▶ Exercise aim:
The reply should be an exact repeat of the listing, with no pictures in it.

▶ Dataset section:
----
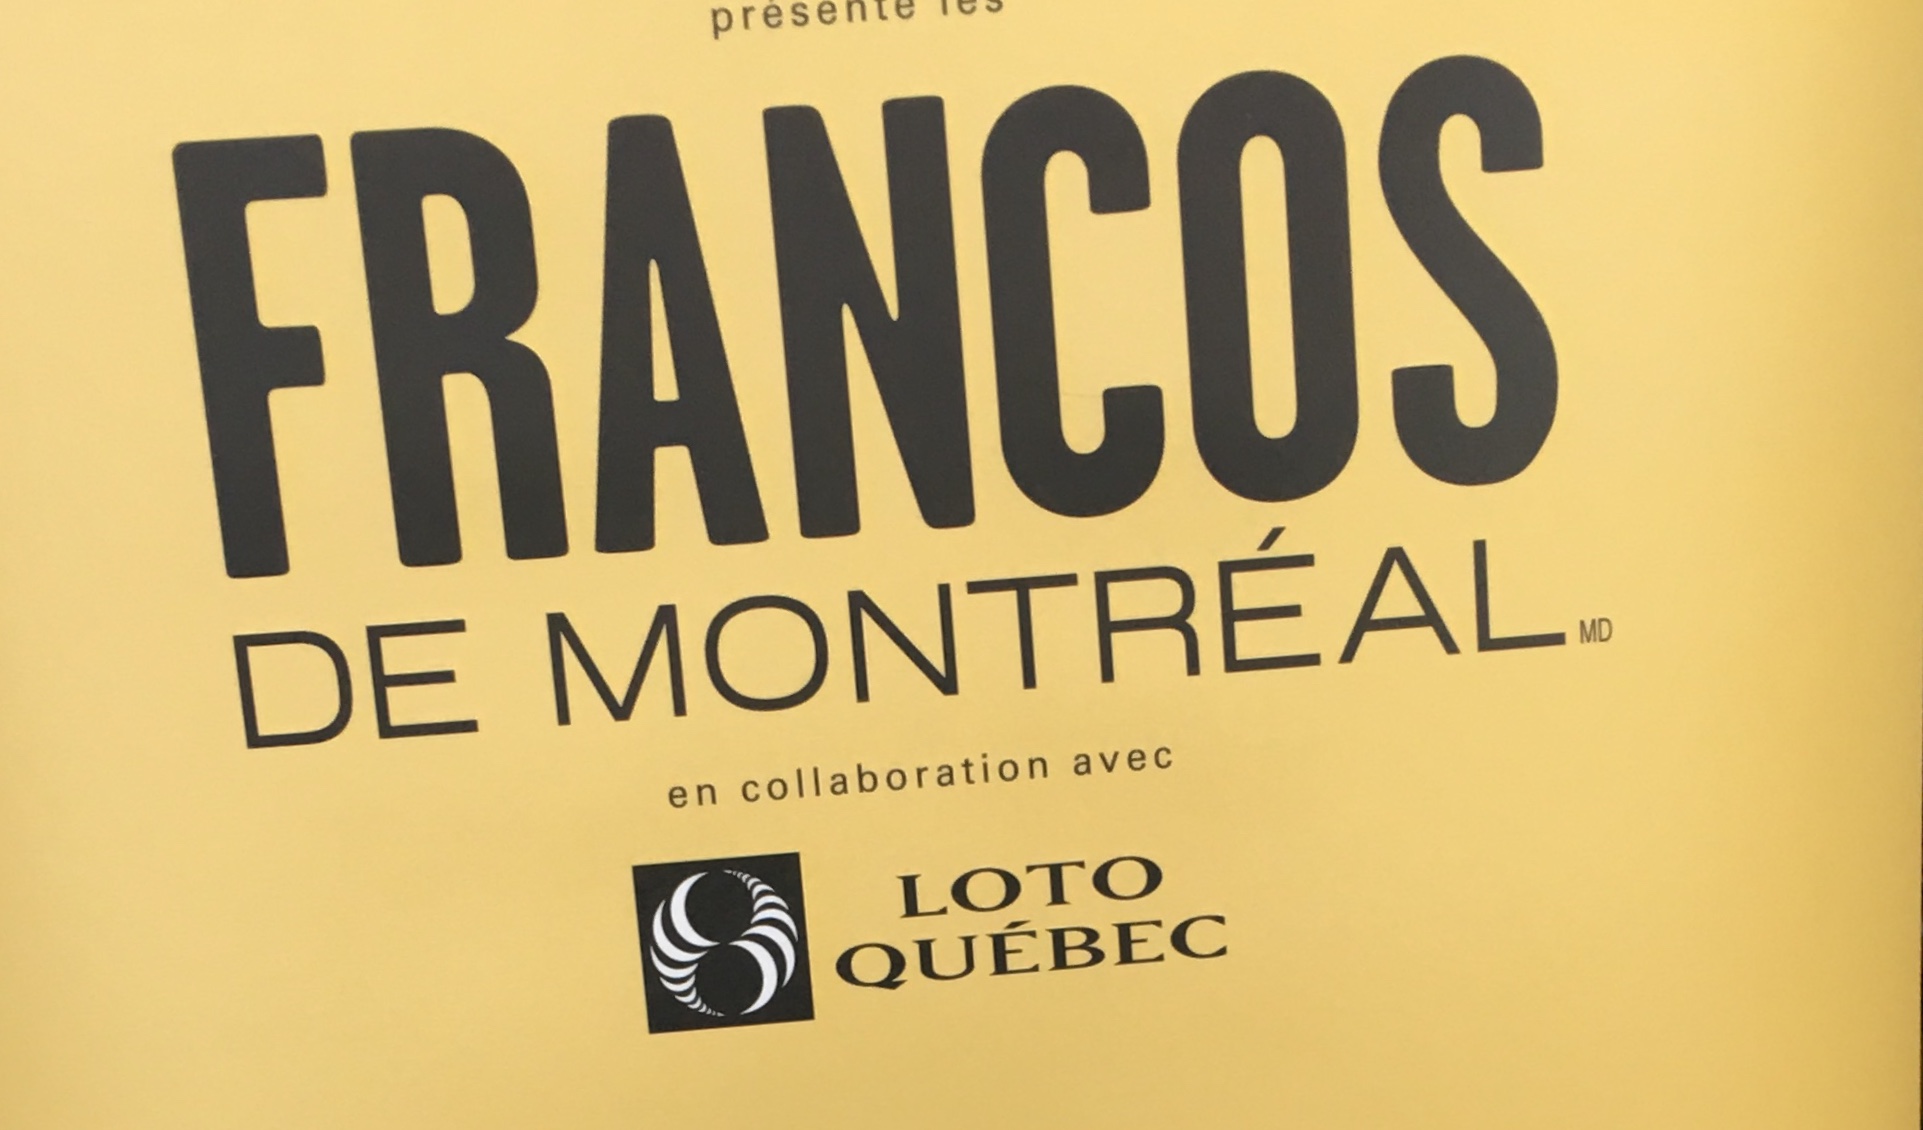 Les Francos de Montréal est un festival annuel organisé par Loto Québec, mettant en vedette une programmation diversifiée d'artistes et de performances. Ne manquez pas les Francos 2019 !
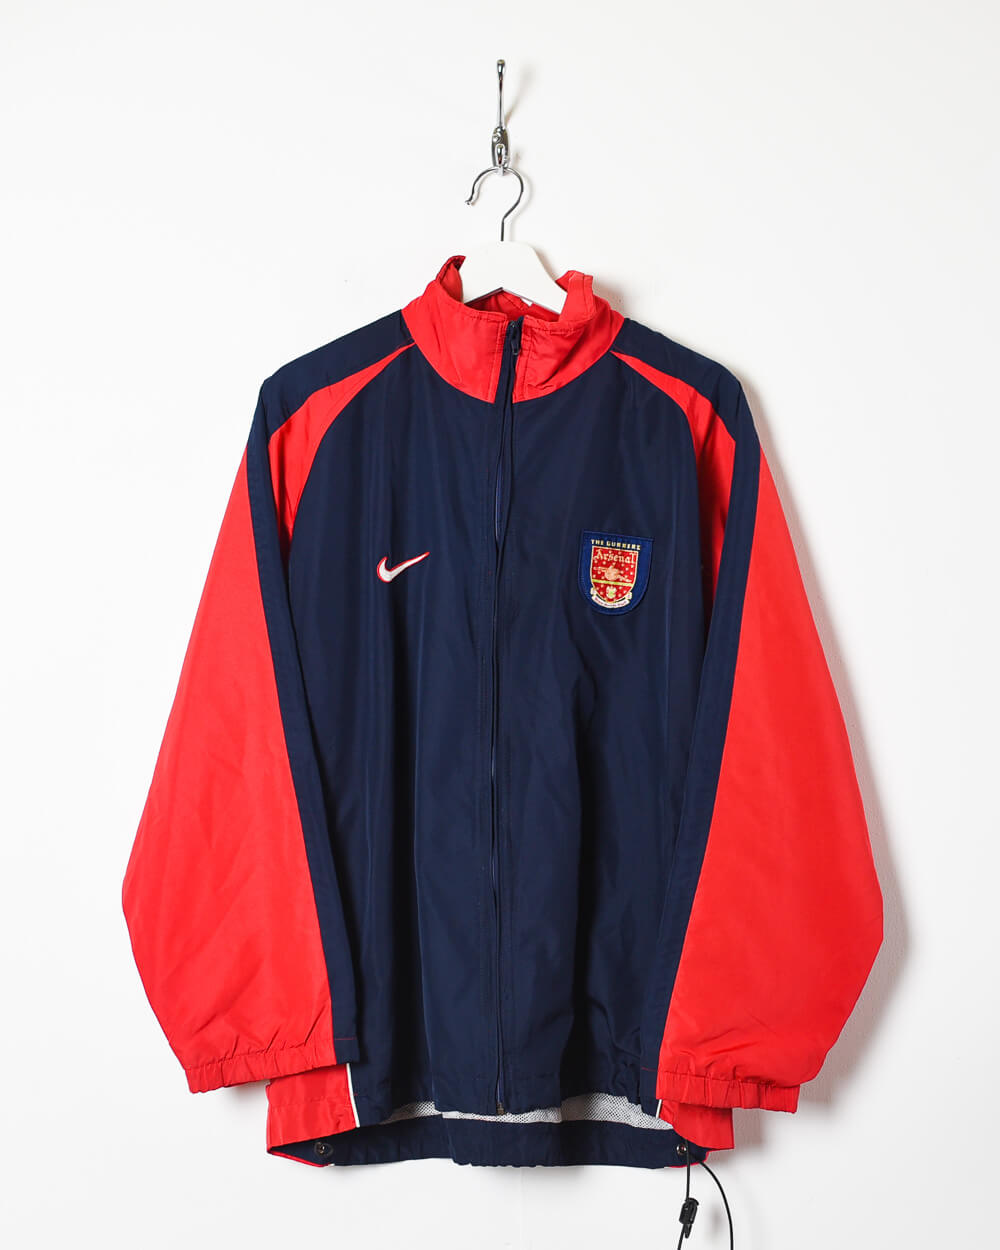 Navy Nike 90s Arsenal FC Training Jacket - Large
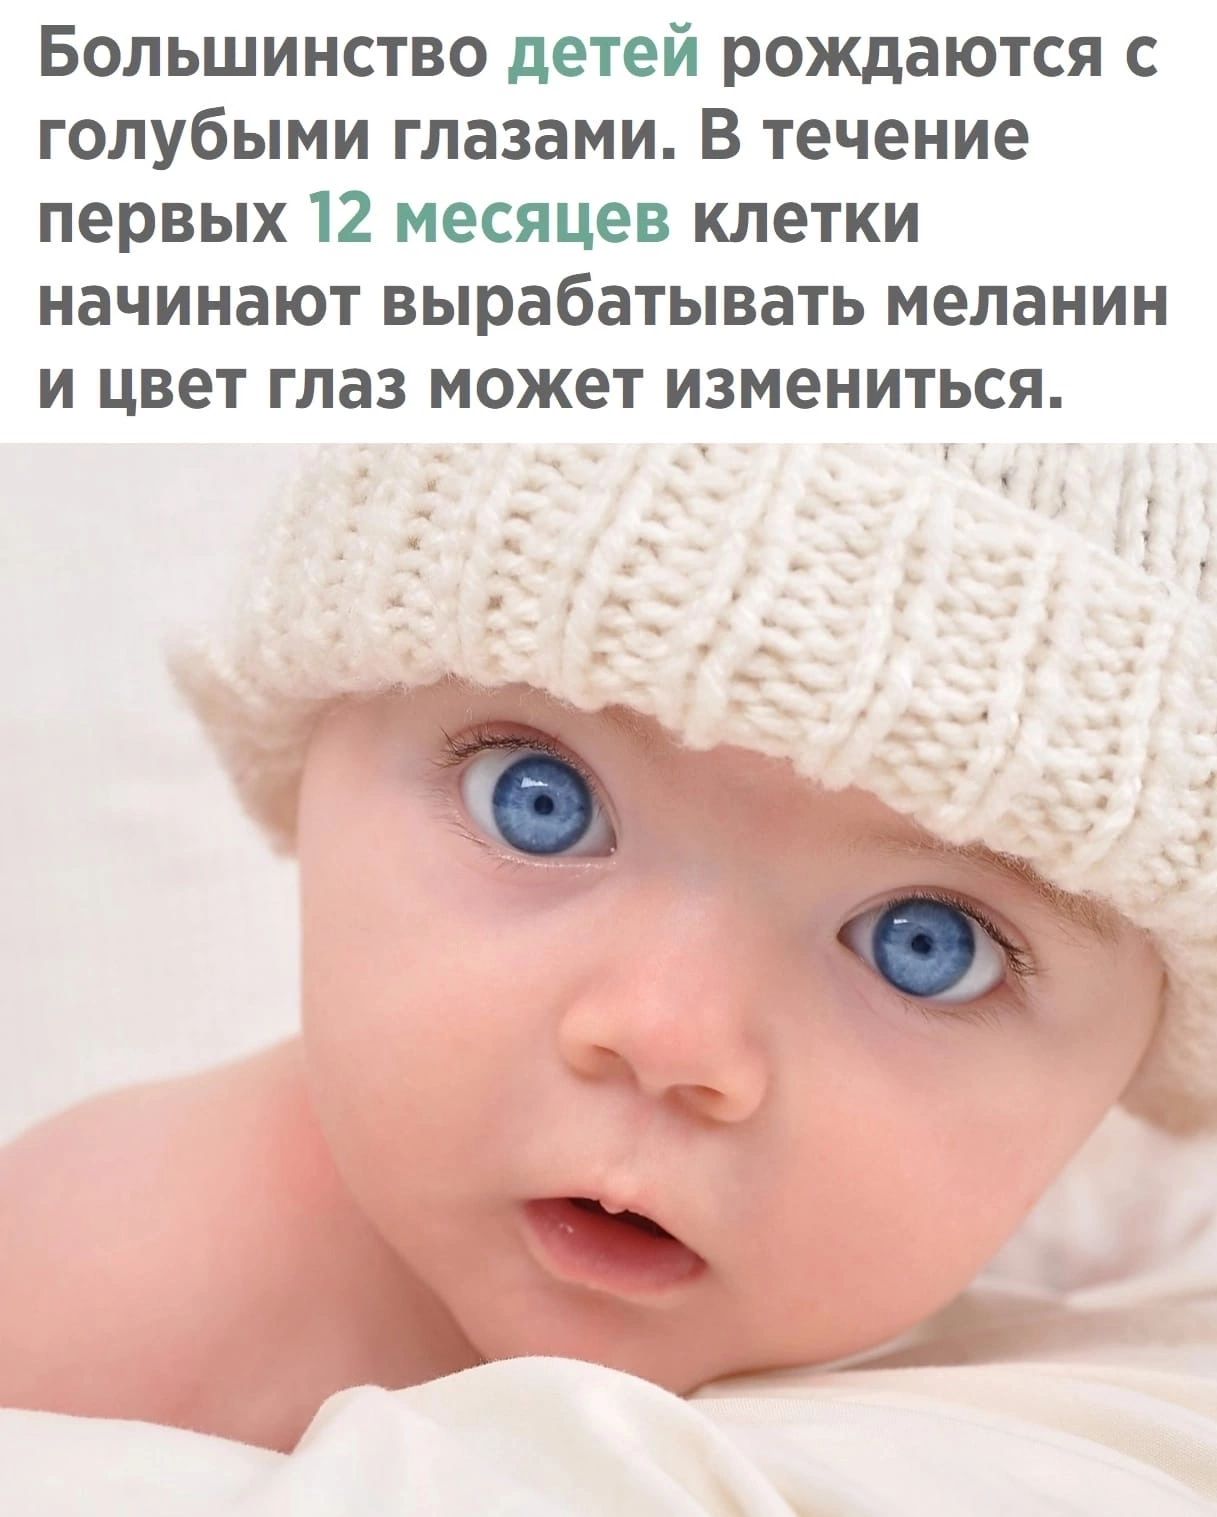 Большинство детей рождаются с голубыми глазами В течение первых 12 месяцев клетки начинают вырабатывать меланин и цвет глаз может измениться
----
▶ Answer to the exercise:
 Les Francos de Montréal est un festival annuel organisé par Loto Québec, mettant en vedette une programmation diversifiée d'artistes et de performances. Ne manquez pas les Francos 2019 !
 Navy Nike 90s Arsenal FC Training Jacket - Large
 Большинство детей рождаются с голубыми глазами В течение первых 12 месяцев клетки начинают вырабатывать меланин и цвет глаз может измениться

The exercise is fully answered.